#### [Data section]

◆ ◆ ◆ ◆ ◆ ◆ ◆

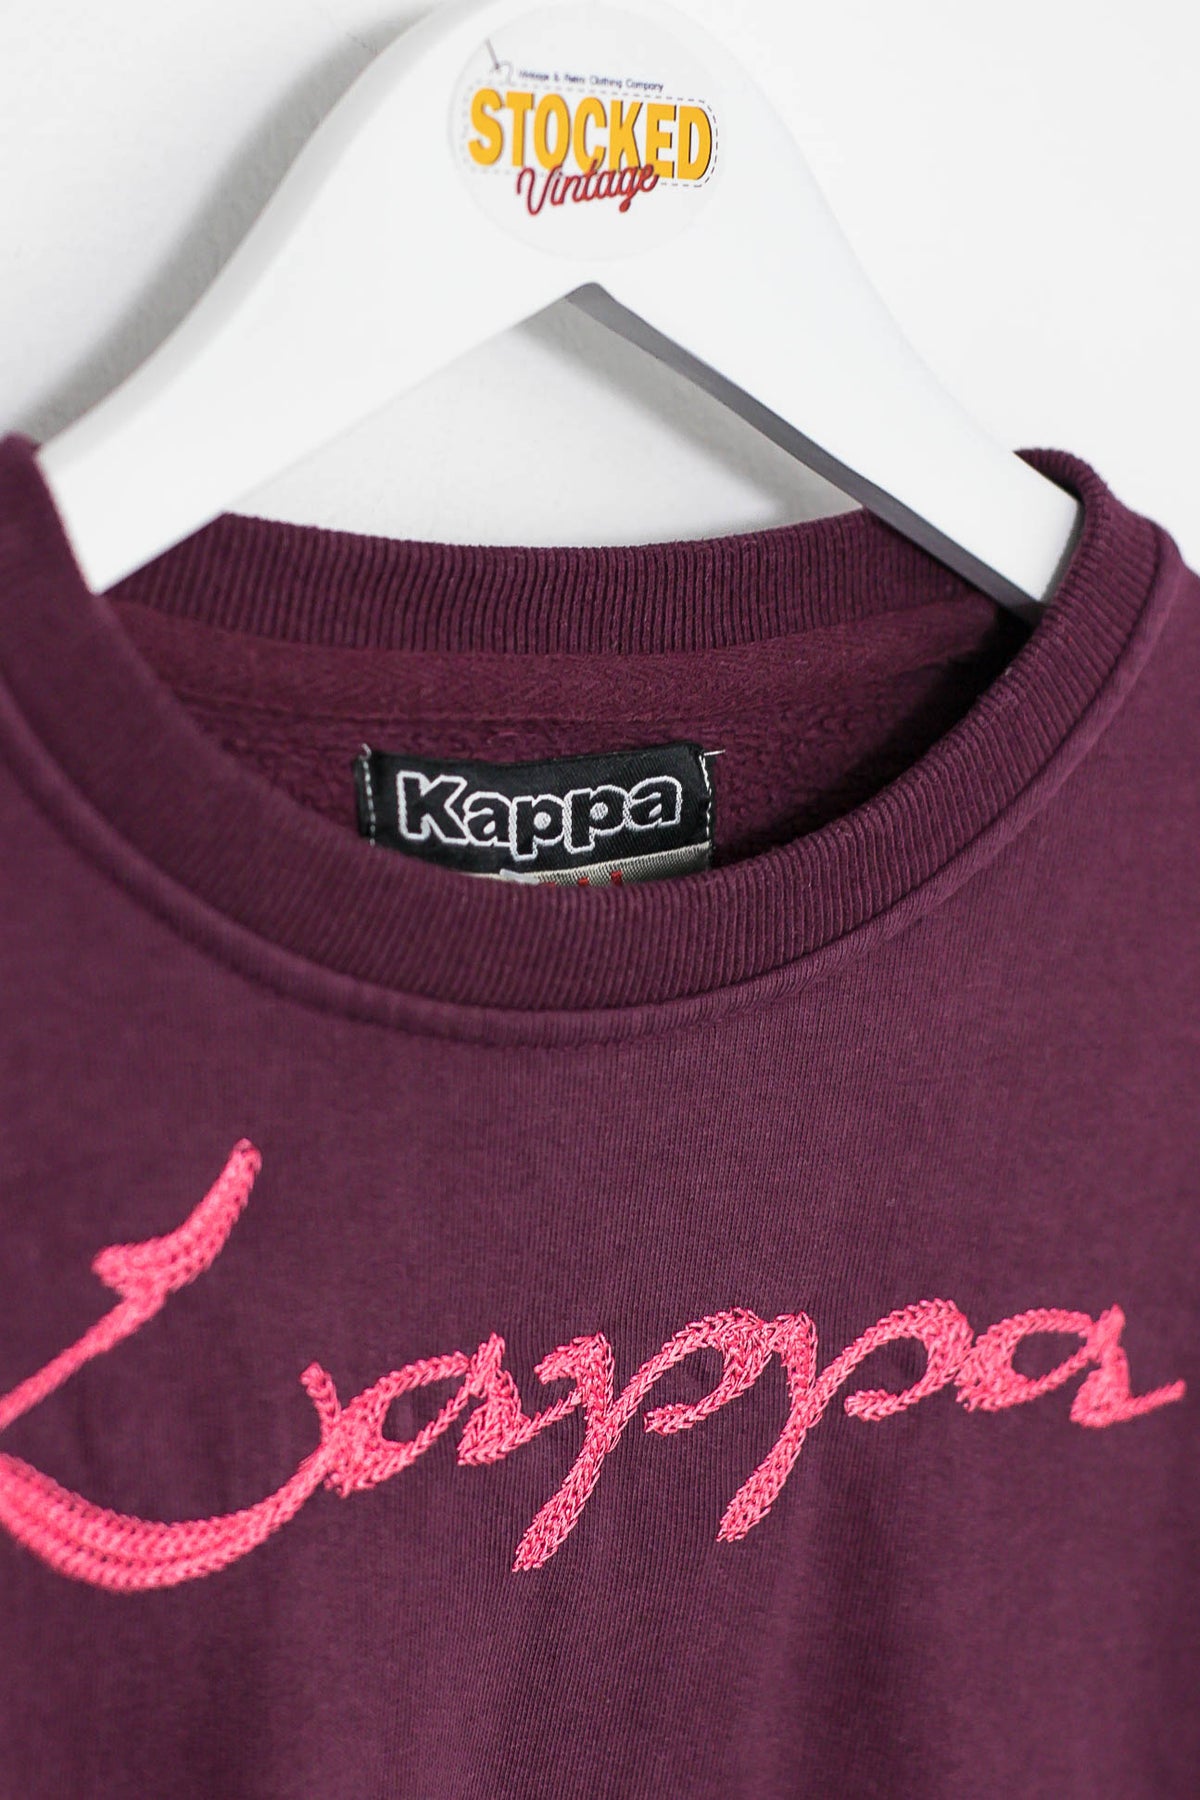 Kappa Sweatshirt (S)
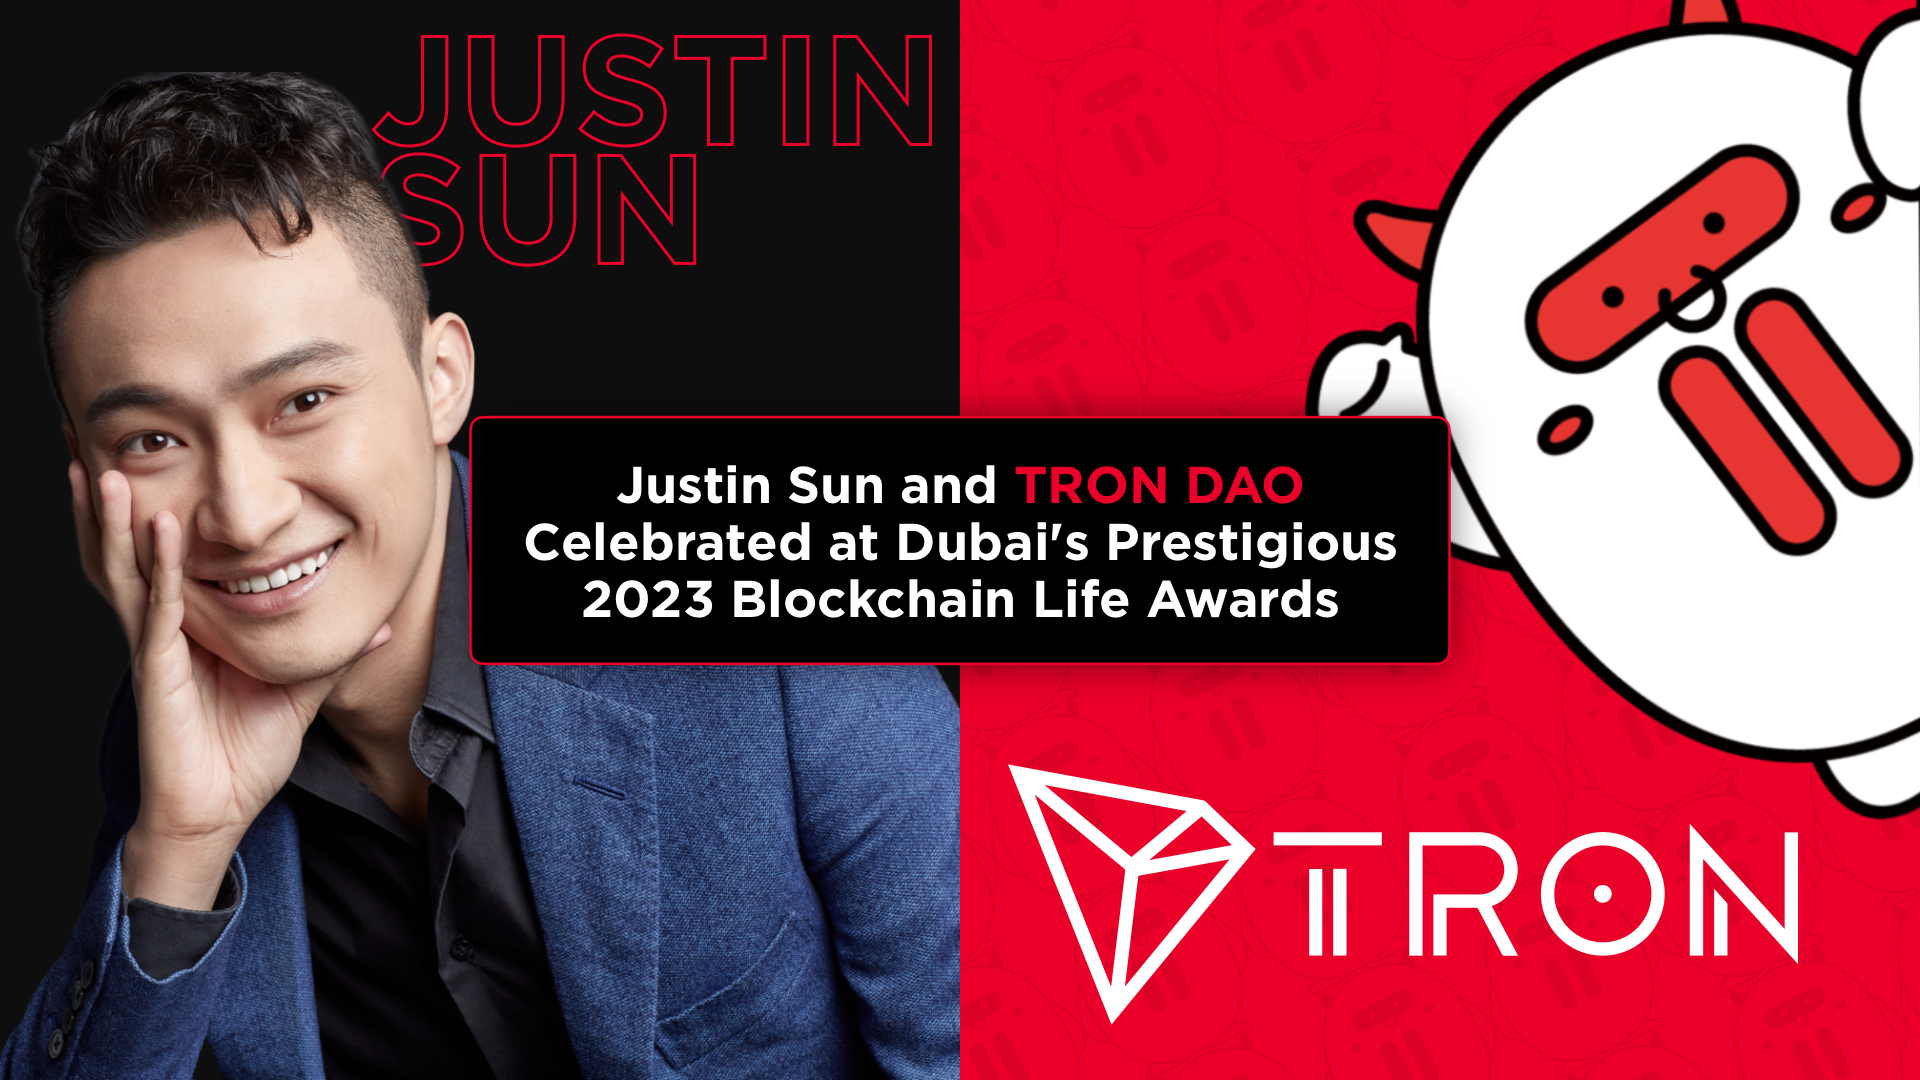 Justin Sun and TRON DAO Celebrated at Dubai’s Prestigious 2023 Blockchain Life Awards
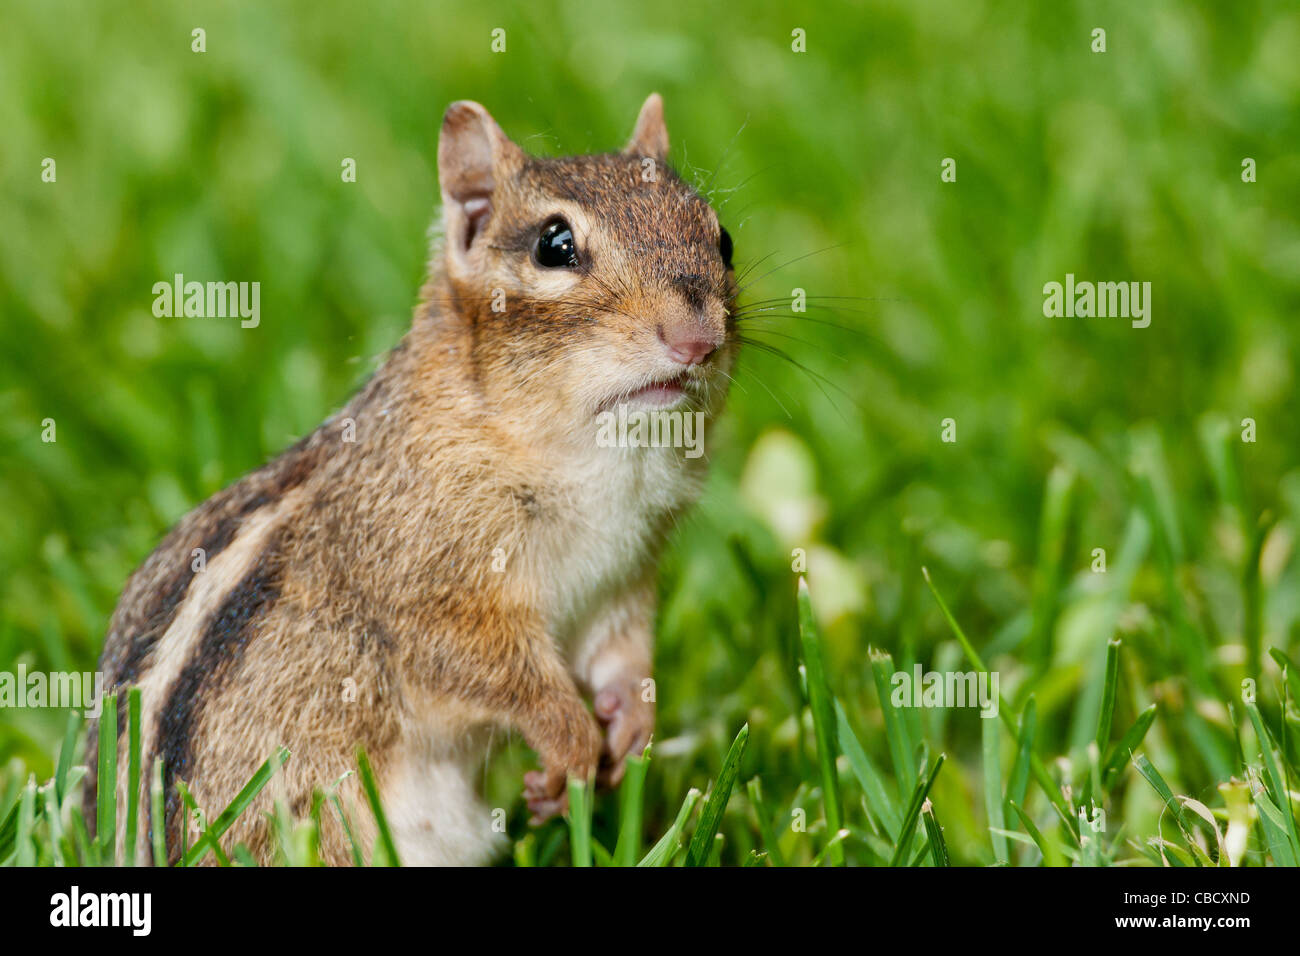 Eastern Chipmunk foraging in grassy field. Stock Photo

◆ ◆ ◆ ◆ ◆ ◆ ◆

#### [Requirement]
Could you repeat all of the material exactly? Pictures should not be copied.

#### [Task answer]
 Kappa Sweatshirt (S)
 Justin Sun and TRON DAO Celebrated at Dubai’s Prestigious 2023 Blockchain Life Awards
 Eastern Chipmunk foraging in grassy field. Stock Photo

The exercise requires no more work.